A review by jjaylynny
Vox by Christina Dalcher

4.0

Whew. I read this in a day, which I haven't done in awhile. It's very propulsive, at first, because the setup is great and the tightness in your chest is compelling, and later, because (unfortunately) the book turns action-y and you need to see what happens.

The hook is genius-- girls and women are limited to 100 words per day. There's good reason for a patriarchal society to silence women, and the book (set basically right now) does a good job showing why. The other issues broke my heart-- what if girls never really get to speak? How do humans acquire language? Some good juicy science-y stuff. What about love? Pillow talk, baring one's soul to a new love-- how does that work when you can't talk? Even Offred gets to talk with her friends at the grocery store (digression: that actually makes the TV series more powerful for me; when the Handmaids open their mouths and normal modern speech comes out, belying the weird sci-fi world they live in.)

The last third breaks down some; too many implausible turns (the timeline itself doesn't make any sense), too much thriller stuff.
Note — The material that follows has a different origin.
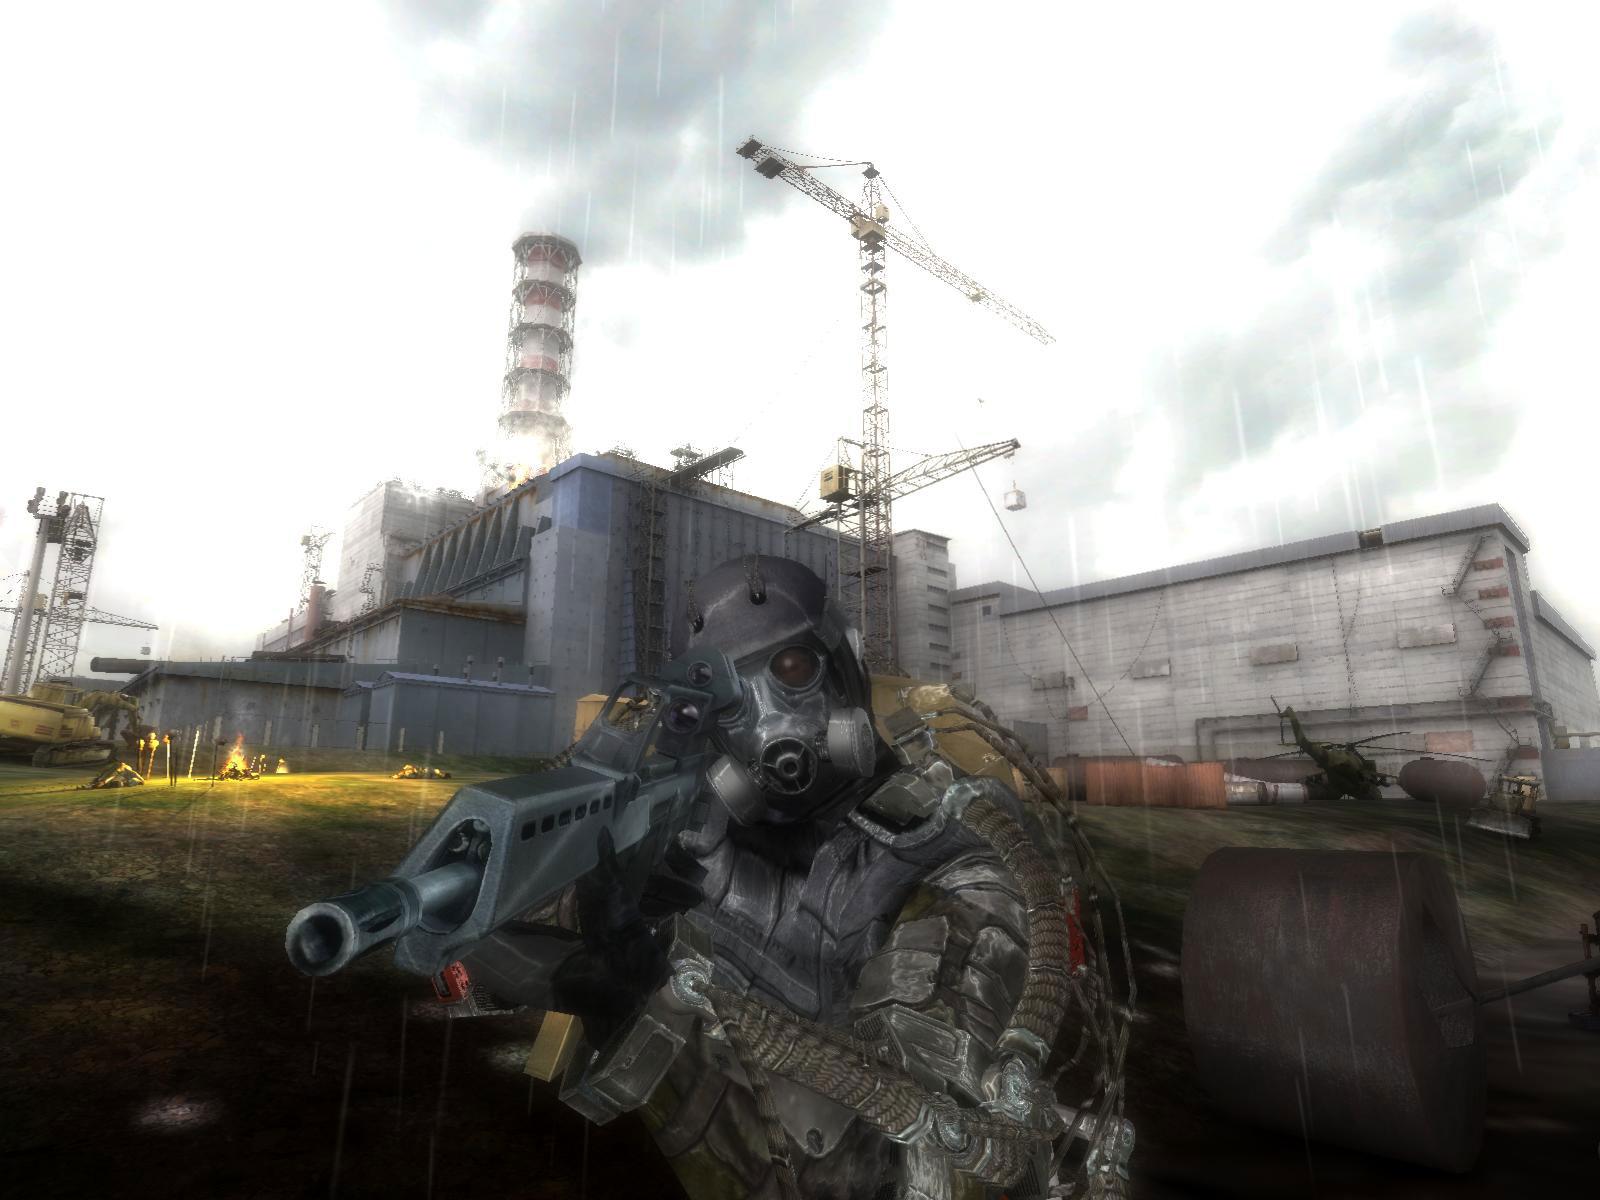 Stalker-shadow-of-chernobyl-20060615035418802.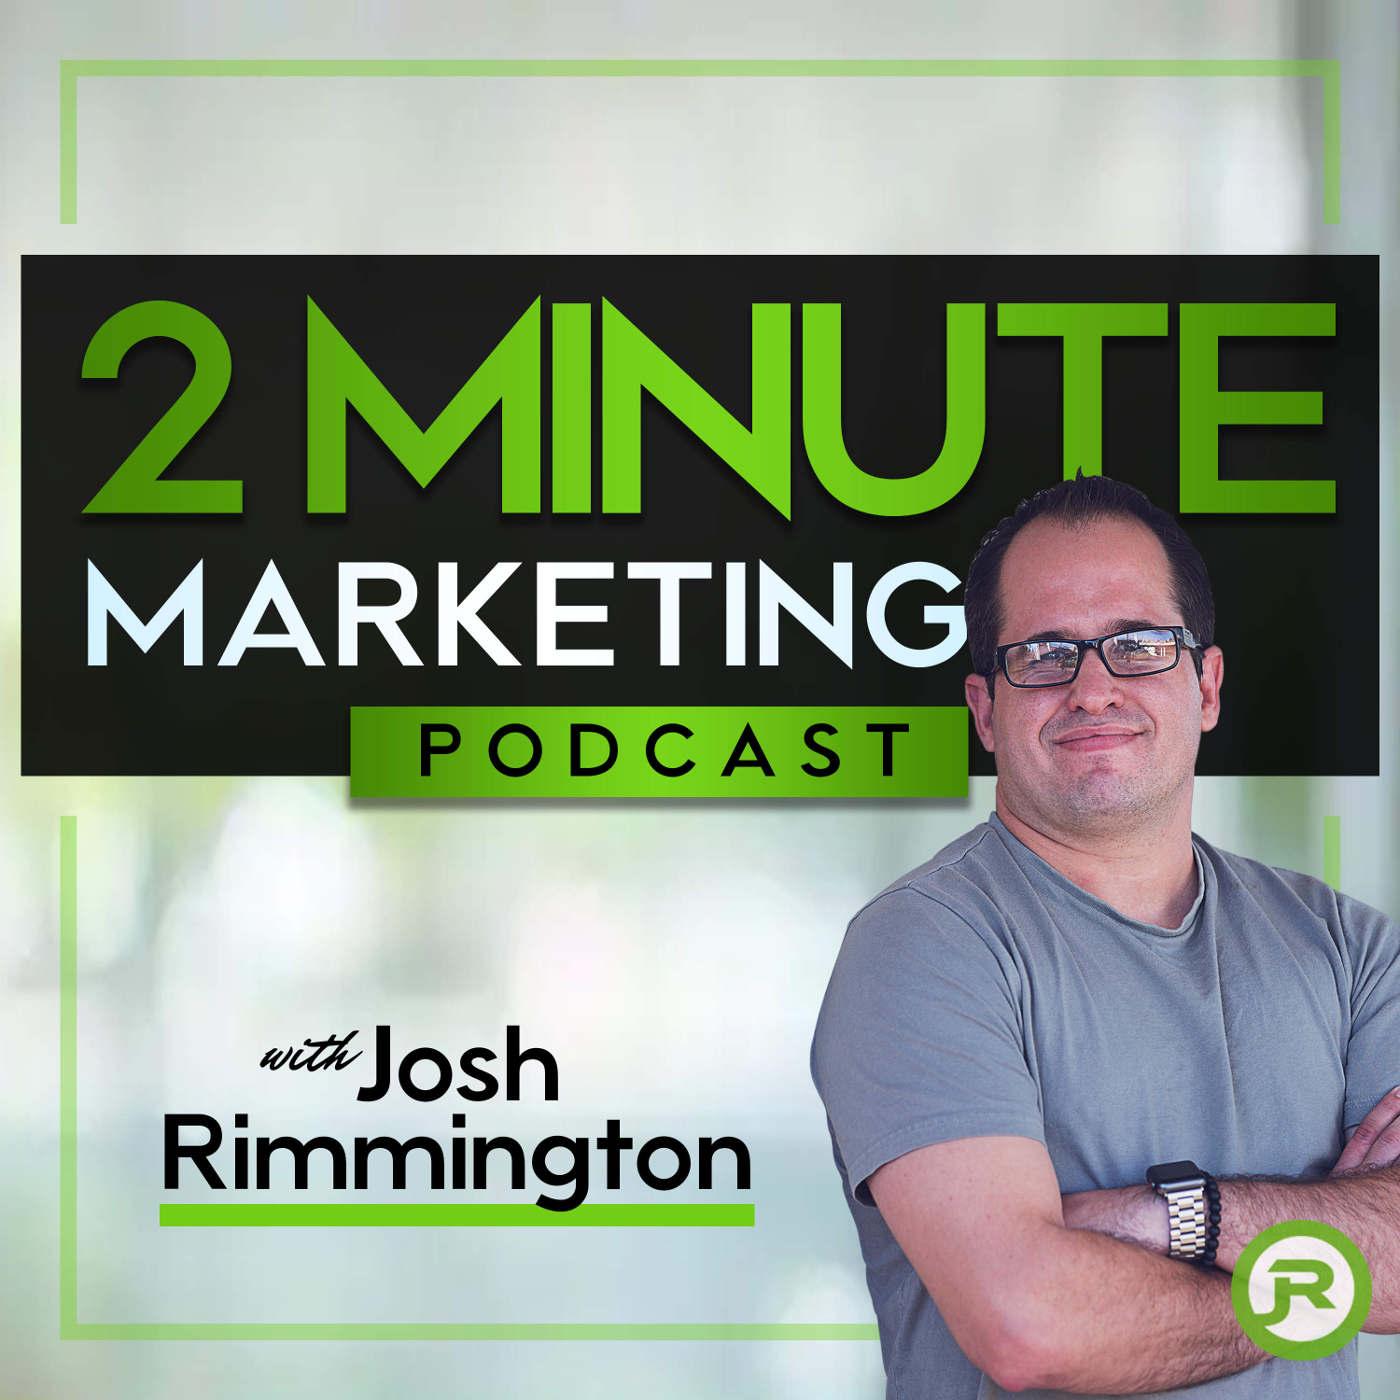 2 Minute Marketing Podcast show art

I've seen some reviews hate on the book for needing a man to save the day-- well, the men have the power. The bigger theme is the "when good men stand by" one. And the hate for the anti-Christian perspective: well, um. Who the fuck do you think we have to thank for the state we're actually in in real life? Jesus H Christ, and I don't mean you, real Jesus, because you would not have stood for this shit.